[Work task]: Using the data that follows, output only the lines from the line with "Man with dark hair and glasses in a suit" up to and including the line with "Flexzion Desk Organizer", exactly, leaving pictures aside.

[Data for review]:
====
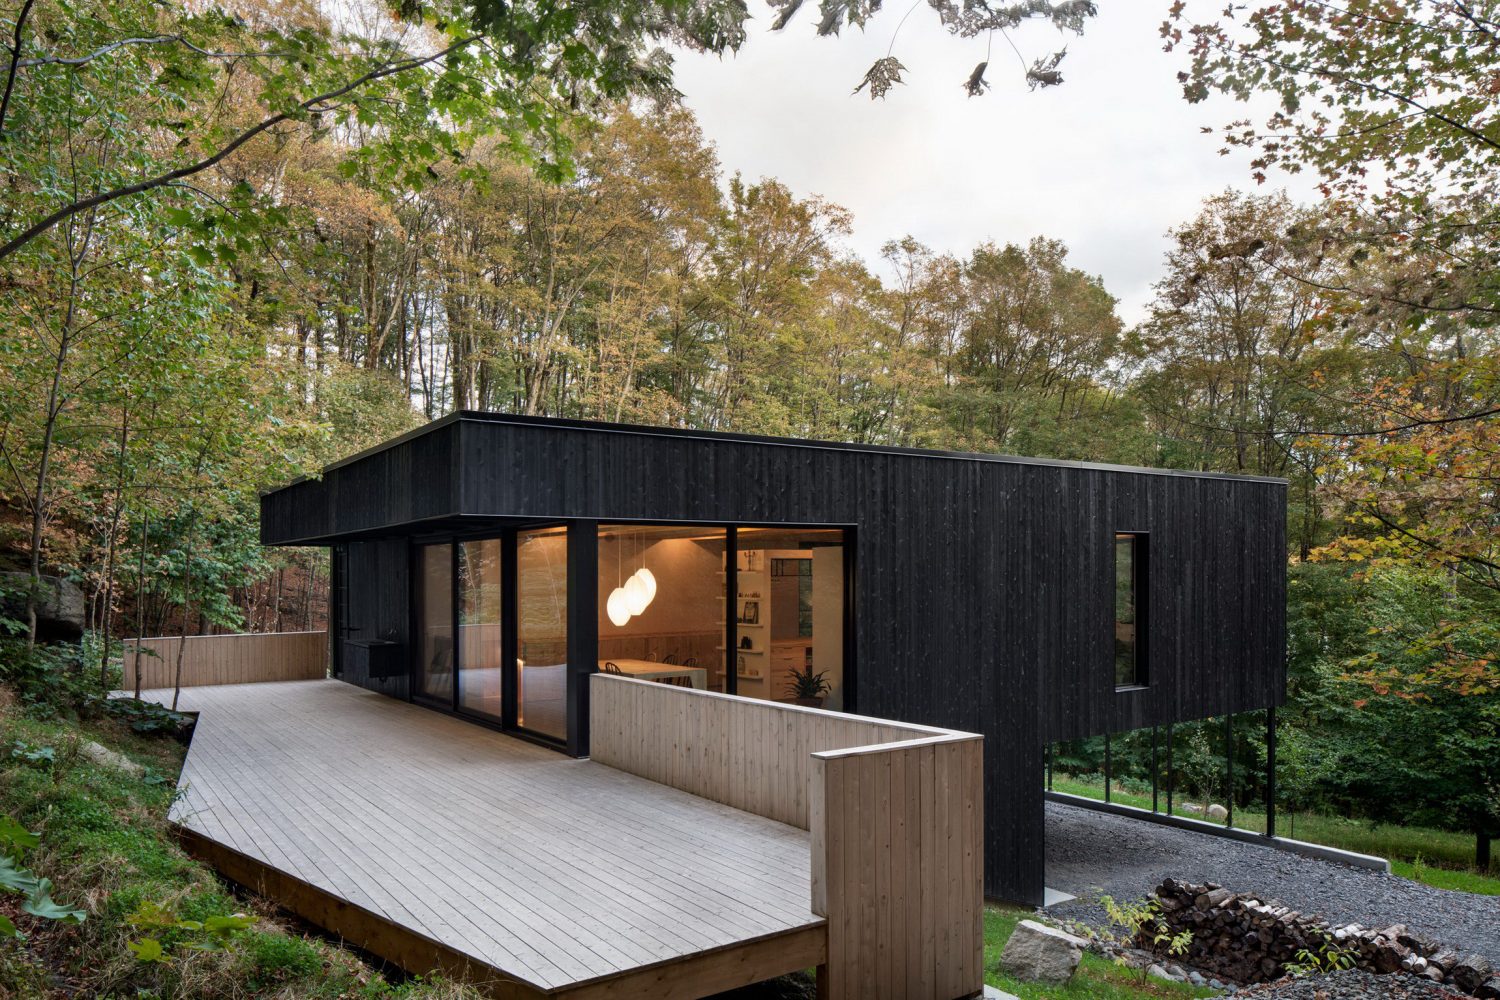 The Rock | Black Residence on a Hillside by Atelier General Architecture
====
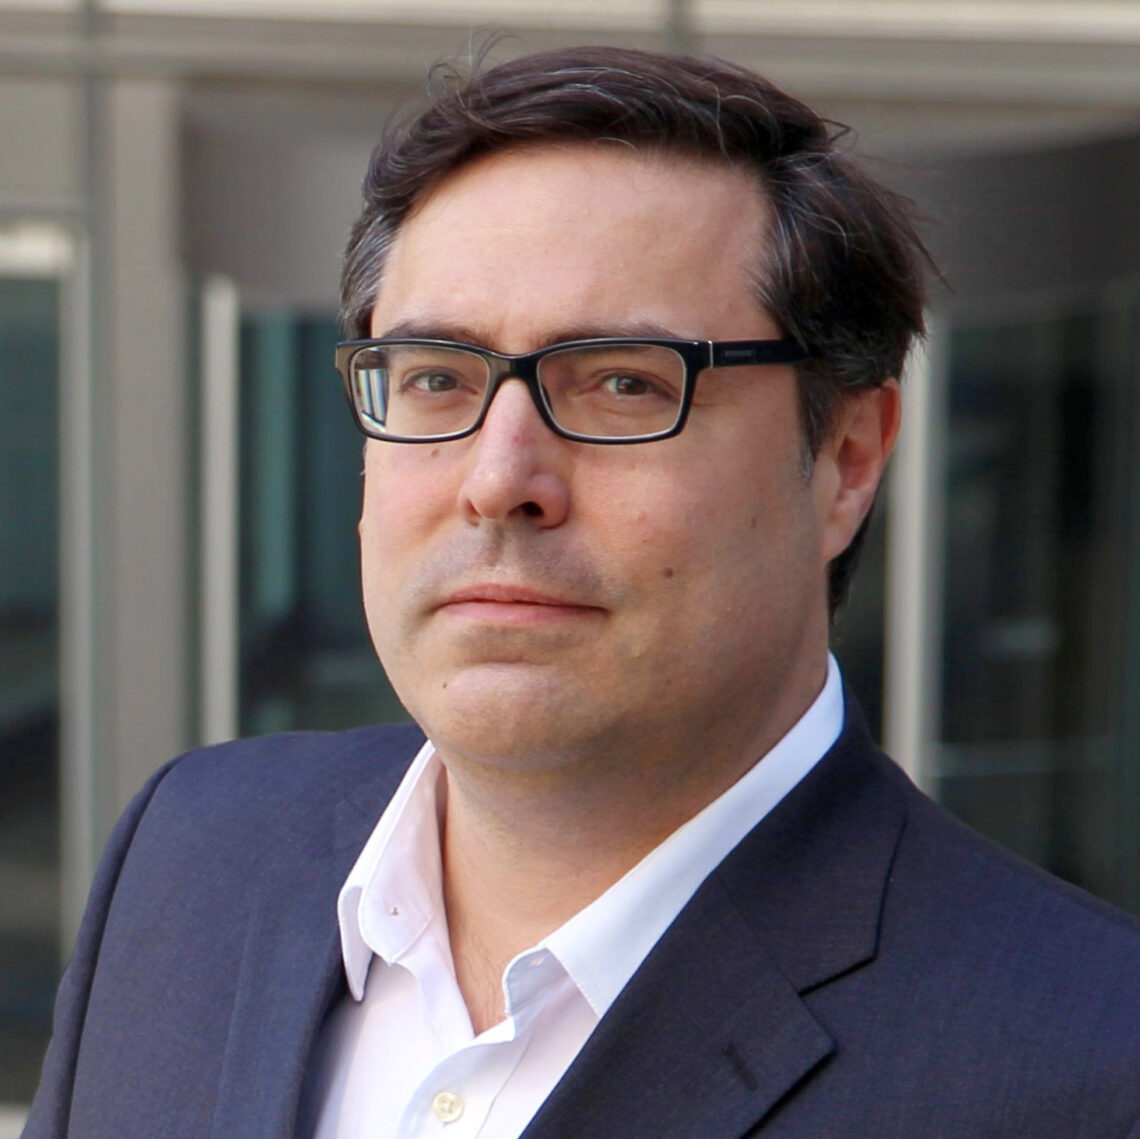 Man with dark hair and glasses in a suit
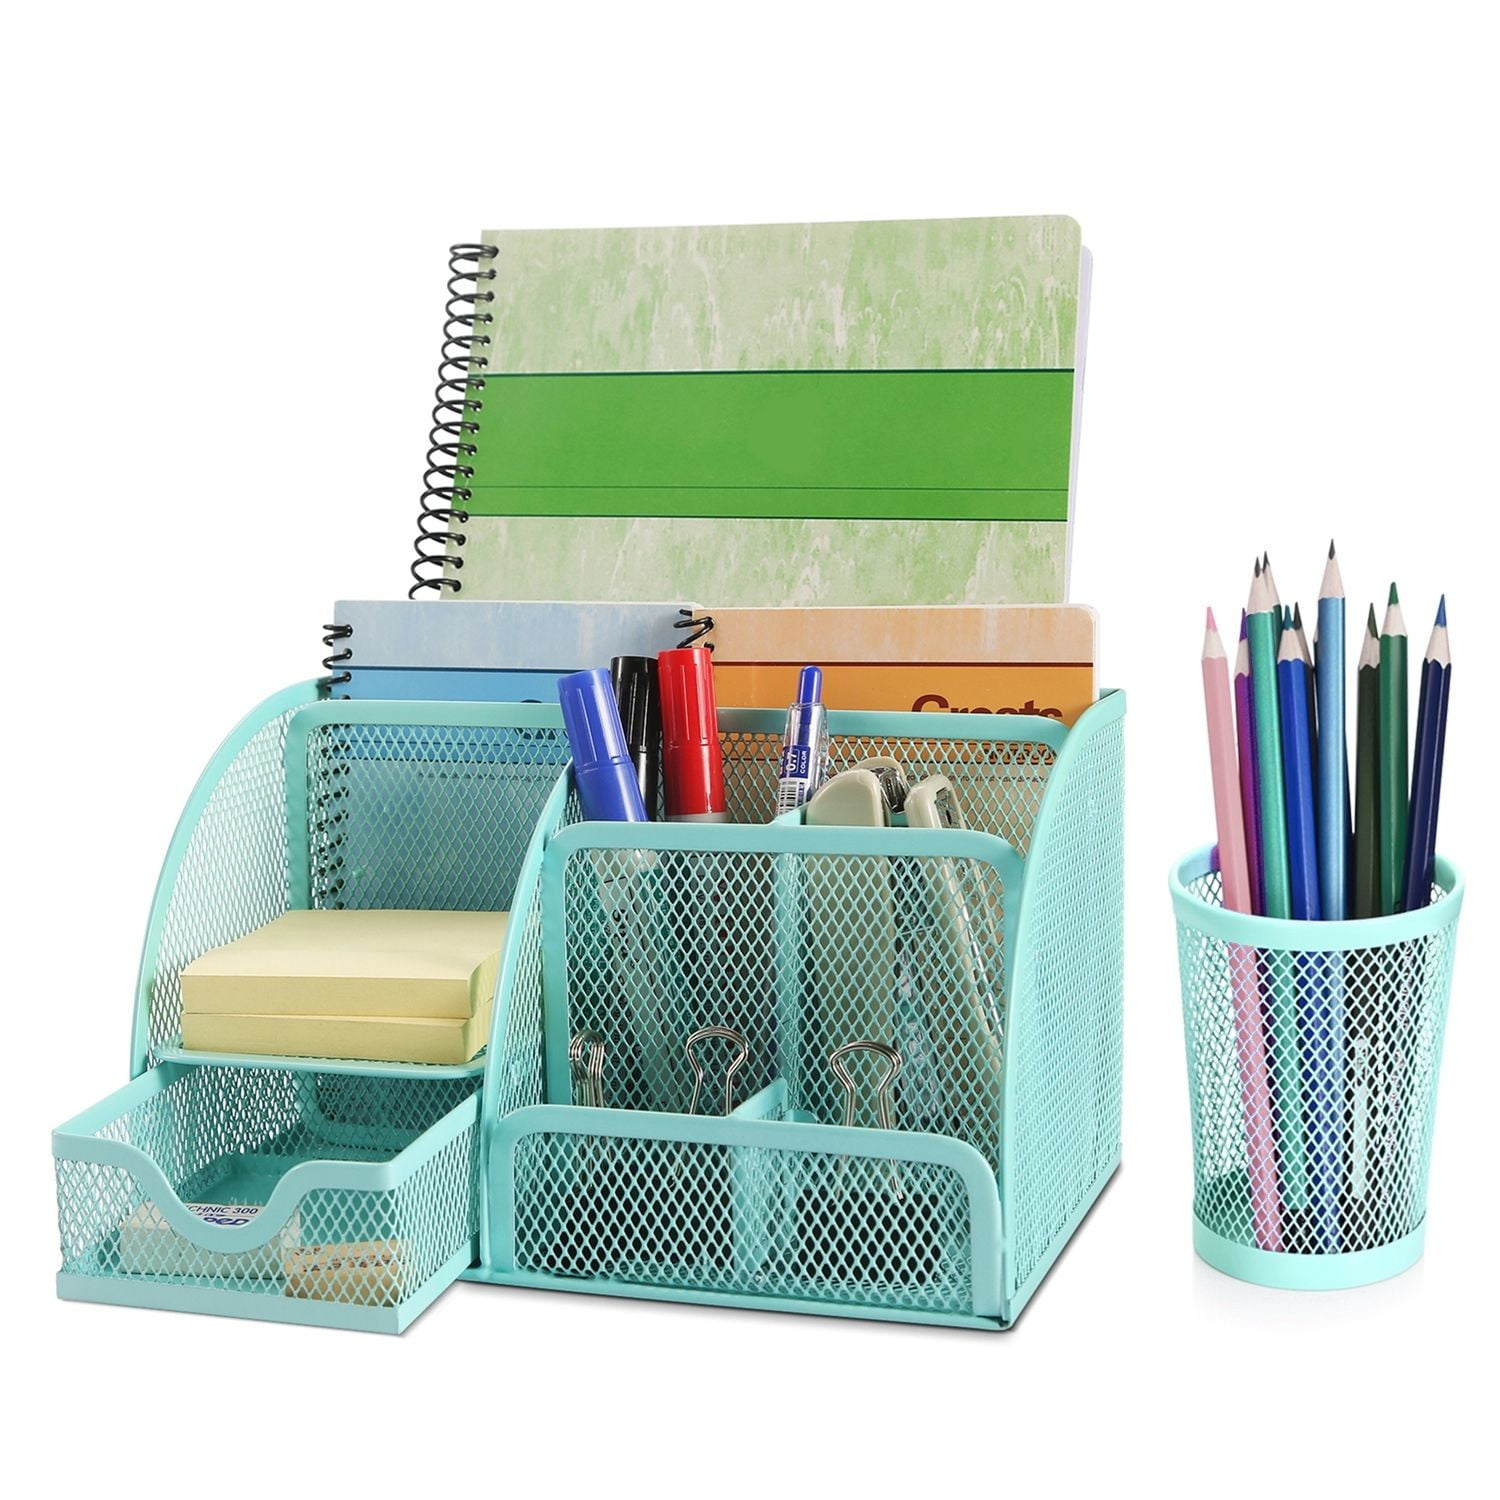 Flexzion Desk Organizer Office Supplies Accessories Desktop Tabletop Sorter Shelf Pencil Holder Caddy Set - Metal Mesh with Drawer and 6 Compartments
====
[Output of the exercise]:
 Man with dark hair and glasses in a suit
 Flexzion Desk Organizer Office Supplies Accessories Desktop Tabletop Sorter Shelf Pencil Holder Caddy Set - Metal Mesh with Drawer and 6 Compartments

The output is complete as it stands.